POUVOIR JUDICIAIRE
A/786/2006 ATAS/491/2006
ARRET
DU TRIBUNAL CANTONAL DES
ASSURANCES SOCIALES
Chambre 5
du 24 mai 2006
En la cause
Monsieur E__________, GENEVE
Madame E__________, PLAN-LES-OUATES
demandeurs
contre
CAISSE DE PENSION D'UBS, Stauffacherquai 46, case postale 8098 ZÜRICH
défenderesse
EN FAIT
Par jugement du 12 janvier 2006, la 16ème chambre du Tribunal de première instance a prononcé le divorce de Madame E__________, née le 1969, et de Monsieur E__________, né le 1963, mariés en date du 3 mai 1997.
Selon le chiffre 5 du jugement précité, le Tribunal de première instance a ordonné le partage par moitié des avoirs de prévoyance professionnelle accumulés par le demandeur durant le mariage.
Le jugement de divorce est devenu définitif le 23 février 2006 et a été transmis d'office au Tribunal de céans le 5 mars 2006 pour exécution du partage.
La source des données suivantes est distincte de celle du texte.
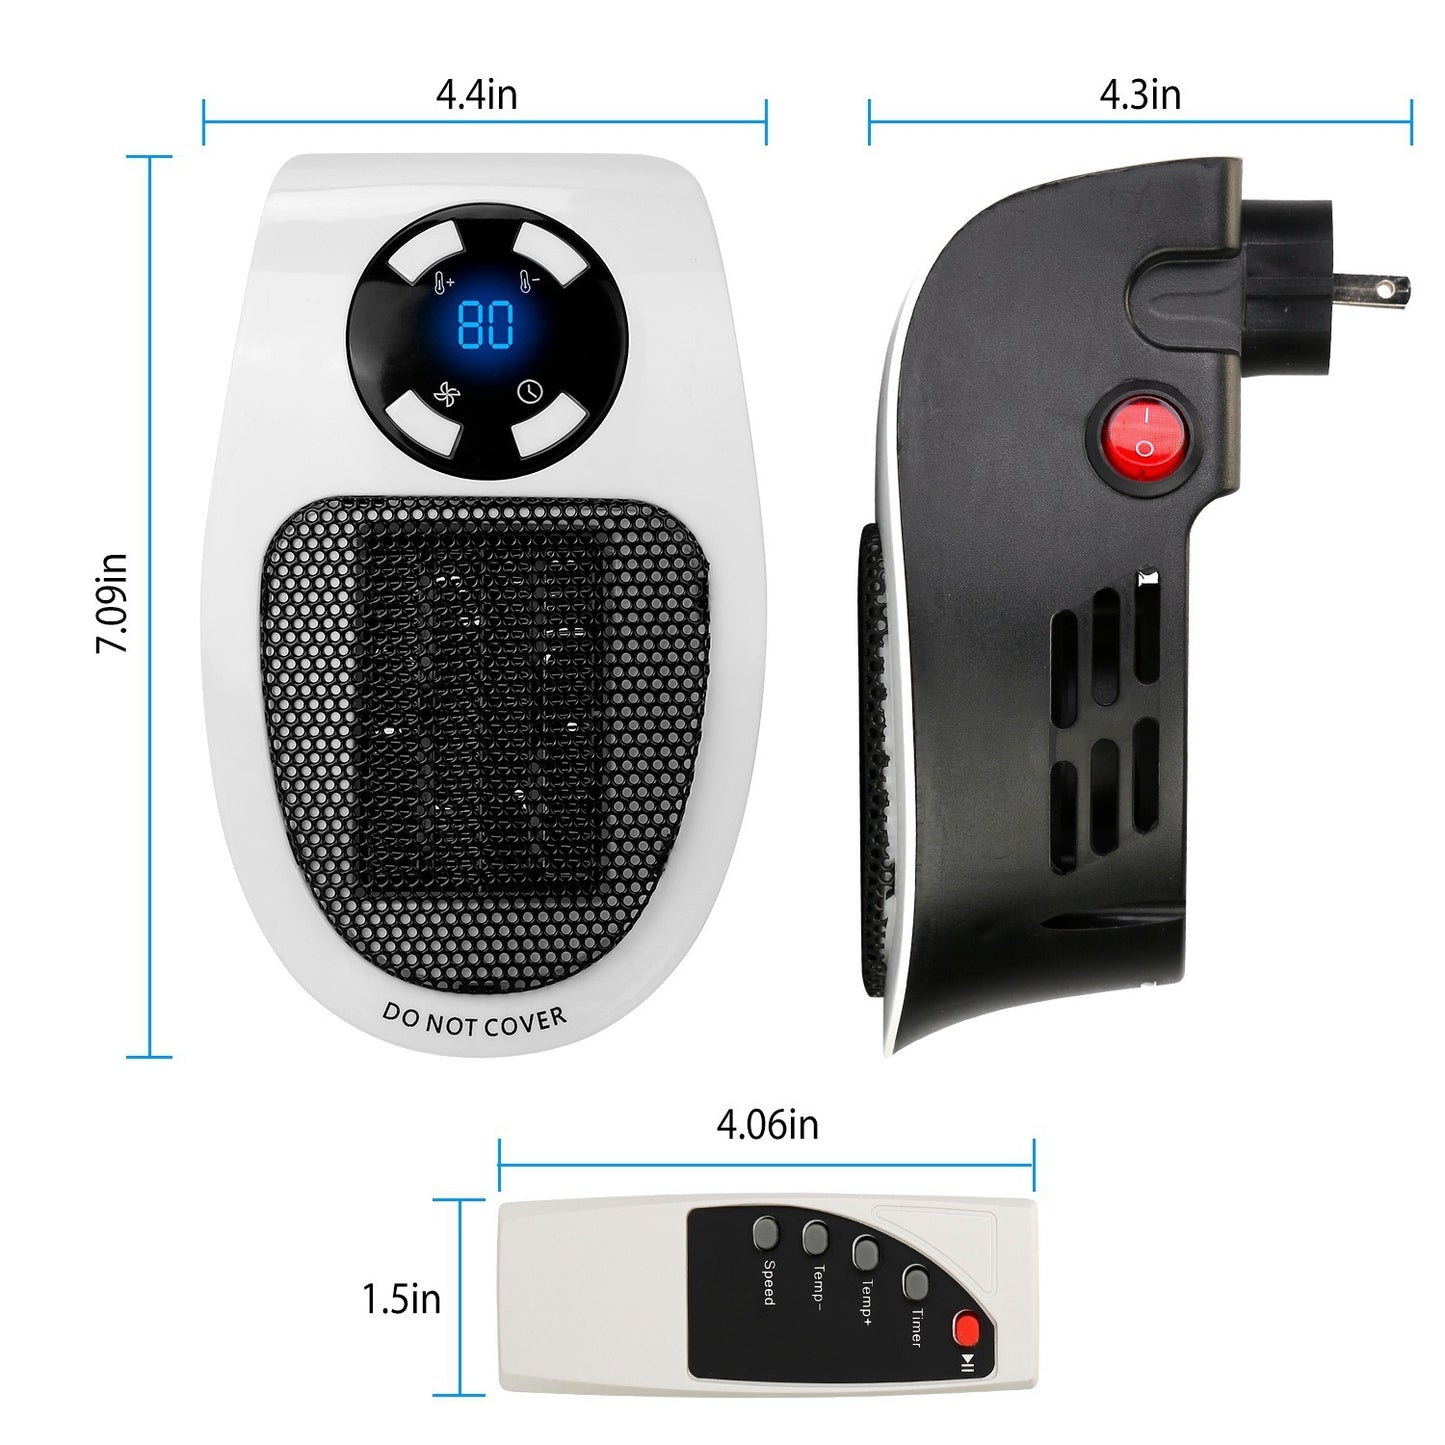 500W Portable Heater Fan Wall Outlet Space Heater Plug-in Heater Adjustable Temperature Auto Shut off w/ Remote Control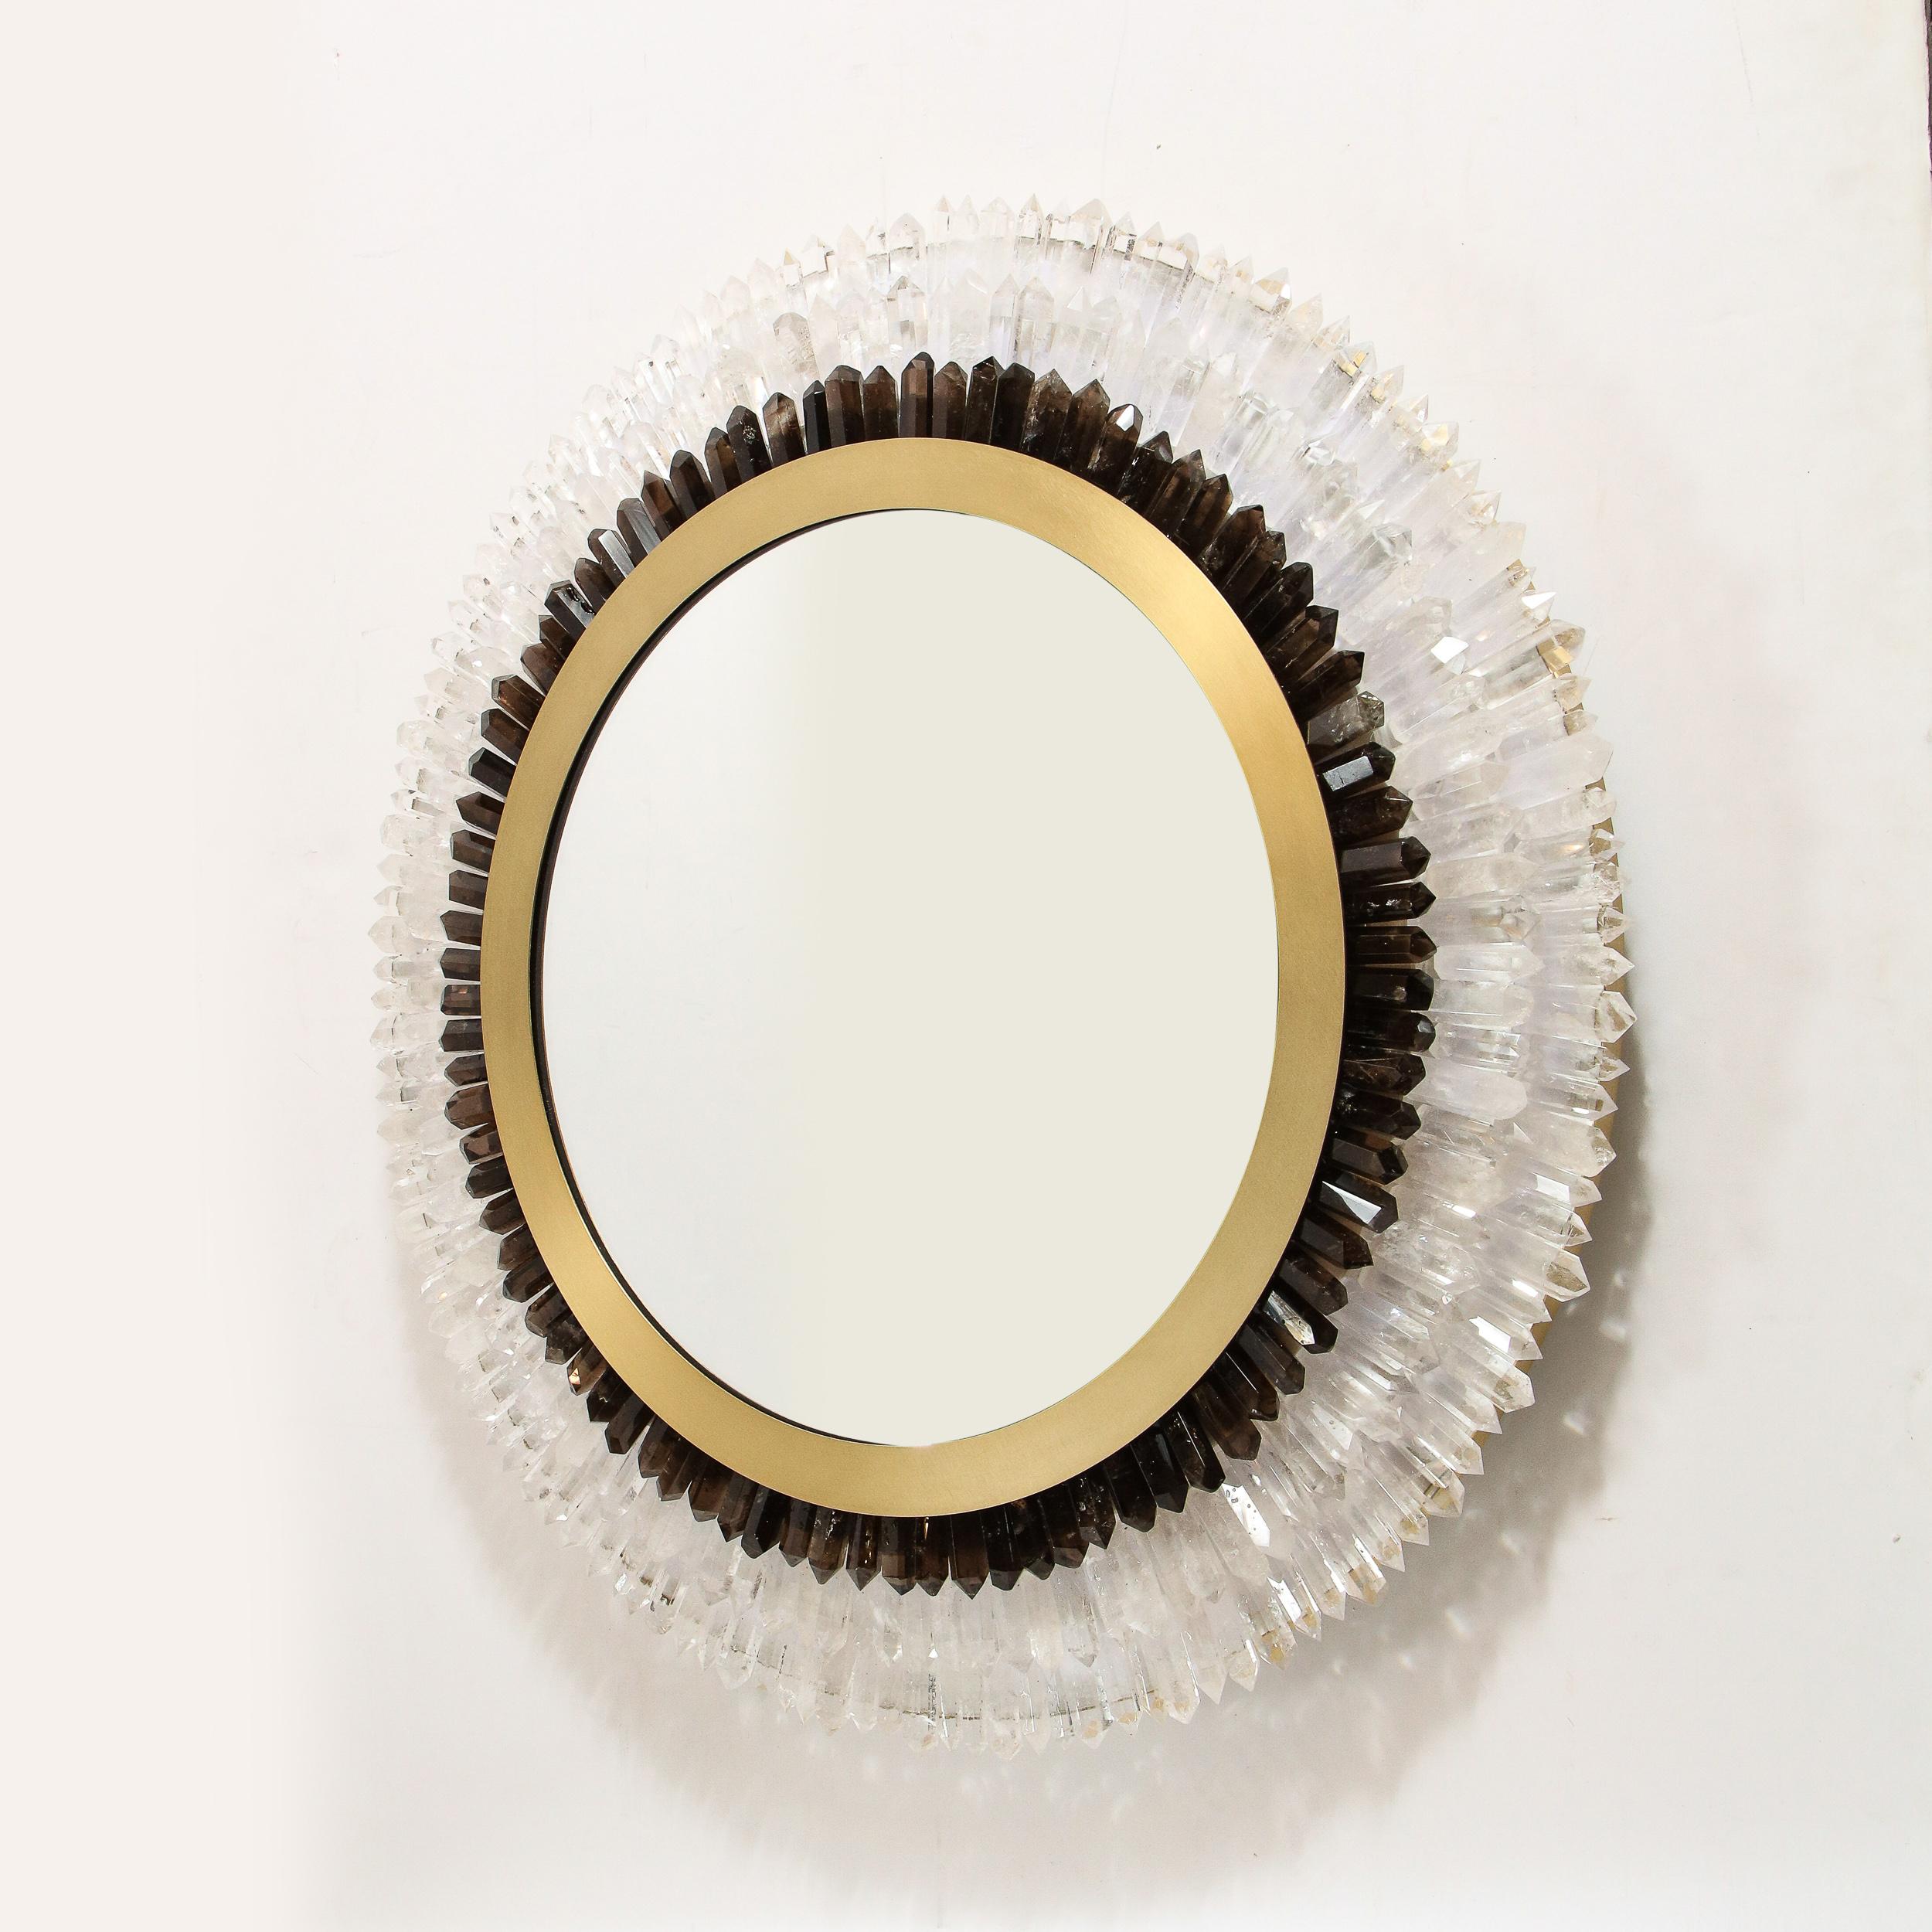 Modernist Brushed Brass, White & Smoked Rock Crystal Circular Wall Mirror For Sale 3

Selon les renseignements recueillis par le Tribunal de céans, le demandeur dispose d'une prestation de libre passage acquise pendant le mariage de 91'134 fr. 10 auprès de la CAISSE DE PENSION D'UBS, selon le courrier du 31 mars 2006 de celle-ci. Les investigations du Tribunal de céans n'ont pas permis de découvrir d'autres prestations de sortie en faveur du demandeur.
Par courrier du 11 avril 2006, le Tribunal de céans a communiqué aux ex-époux que, selon ses calculs, il appartiendra à la CAISSE DE PENSION D'UBS de transférer sur un compte bloqué de l'ex-épouse le montant de 45'567 fr., en chiffres ronds. La demanderesse a en outre été invitée à communiquer au Tribunal de céans les coordonnées de son compte de libre passage.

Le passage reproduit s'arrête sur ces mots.